The story of a man voluntarily crippling his own freedom to get off the streets is nothing new to Dones, the head of the King County Regional Homelessness Authority in Seattle. It’s just another illustration of how this country fails to help the most vulnerable, street-hardened among us.

“I’ve heard this story many, many, many times,” Dones says. “I’m not aware of any academic paper on it. But those of us who work in housing and homelessness and public health know about it.” 

The research that does exist on the issue comes from the United Kingdom. In 2010, a Sheffield Hallam University survey of 400 people living on the streets found that 30 percent had committed a minor crime with the intention of being taken into custody for the night. In 2020, a UK-funded watchdog — originally intending to study recidivism among those released into homelessness — discovered that many of the homeless people who were arrested voluntarily went back to jail.

“I kept reoffending to get put back inside as I couldn’t get accommodation,” one man quoted in the report said.

It’s not hard to find examples of people committing crimes just to get into jail.

Last Halloween, a homeless man in Longview, Washington, went vehicle prowling, trying to get police to throw him in jail. When they took him to a shelter instead, he left and committed a more serious crime: stealing a gun from a car. When police arrested him, he seemed relieved and told officers, “I’ve been trying to go to jail” to get warm, according to a police report obtained by InvestigateWest. He’s been there ever since on charges of vehicle prowling and theft of a firearm. 

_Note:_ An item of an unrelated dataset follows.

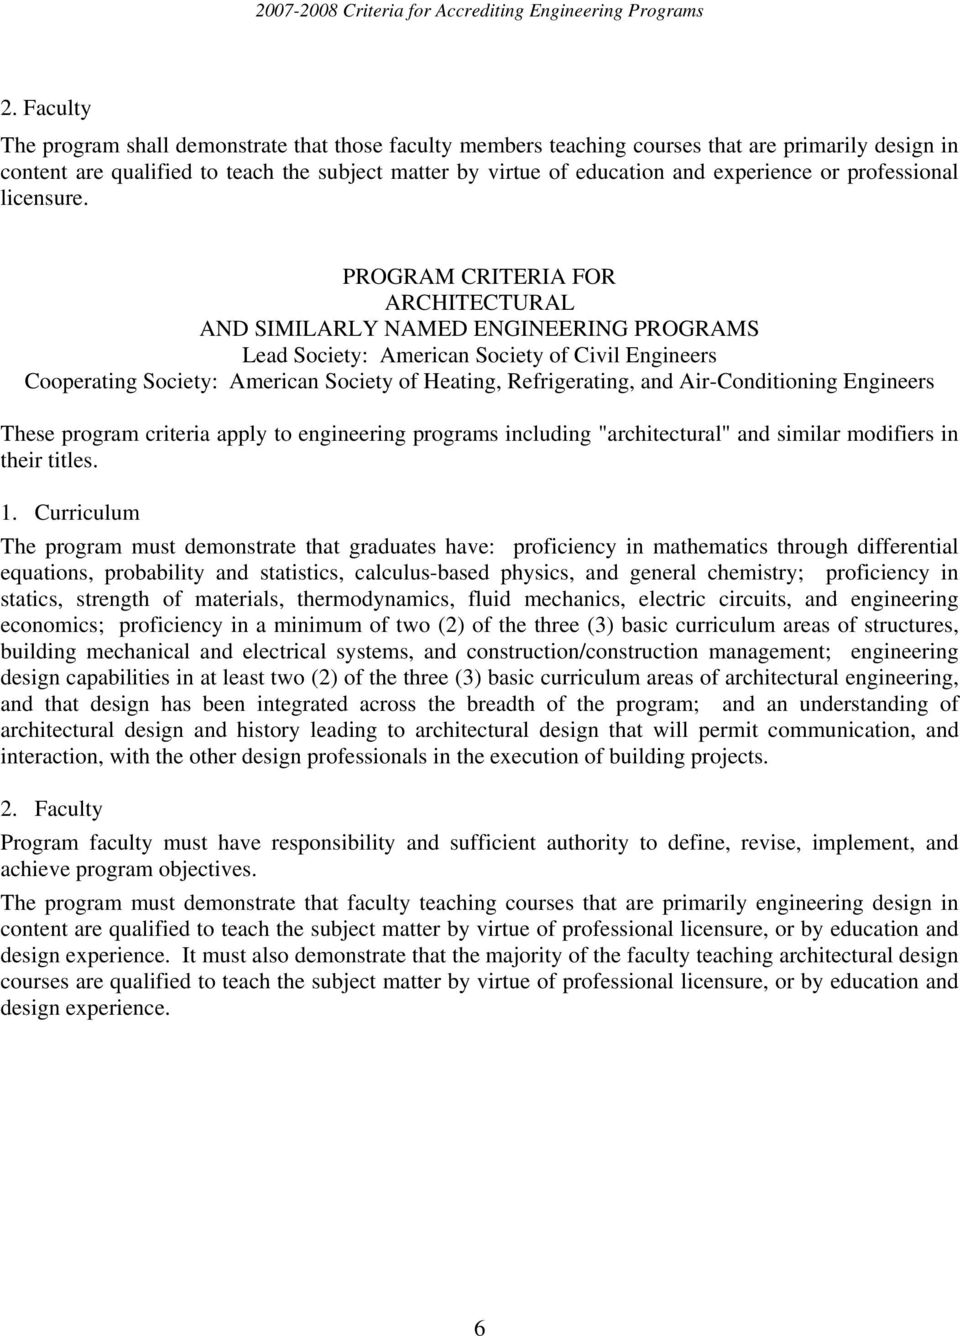 ARCHITECTURAL Lead Society: American Society of Civil Engineers Cooperating Society: American Society of Heating, Refrigerating, and Air-Conditioning Engineers These program criteria apply to

“It happens more than people admit it’s happening,” says Longview police Capt. Branden McNew. “We as police are familiar with that phenomenon.” 

The longer someone is out on the streets, the more likely they are to end up in jail, whether they choose to or not. 

In Seattle, for example, homeless people before the pandemic made up an estimated 1 percent of the city’s population but nearly 20 percent of its jail bookings, mostly for nonviolent crimes. National research from the Prison Policy Initiative shows that a person with a criminal history is up to 10 times more likely to experience homelessness than the general public. Being unsheltered, too, increases contacts with the police and the chances of being jailed.

That’s due in part to city policies that make basic acts of living on the street illegal: lying on a sidewalk, loitering, panhandling. Cities justify laws criminalizing homelessness by adding shelter space, arguing that anyone can choose to be off the streets and in shelter if they want.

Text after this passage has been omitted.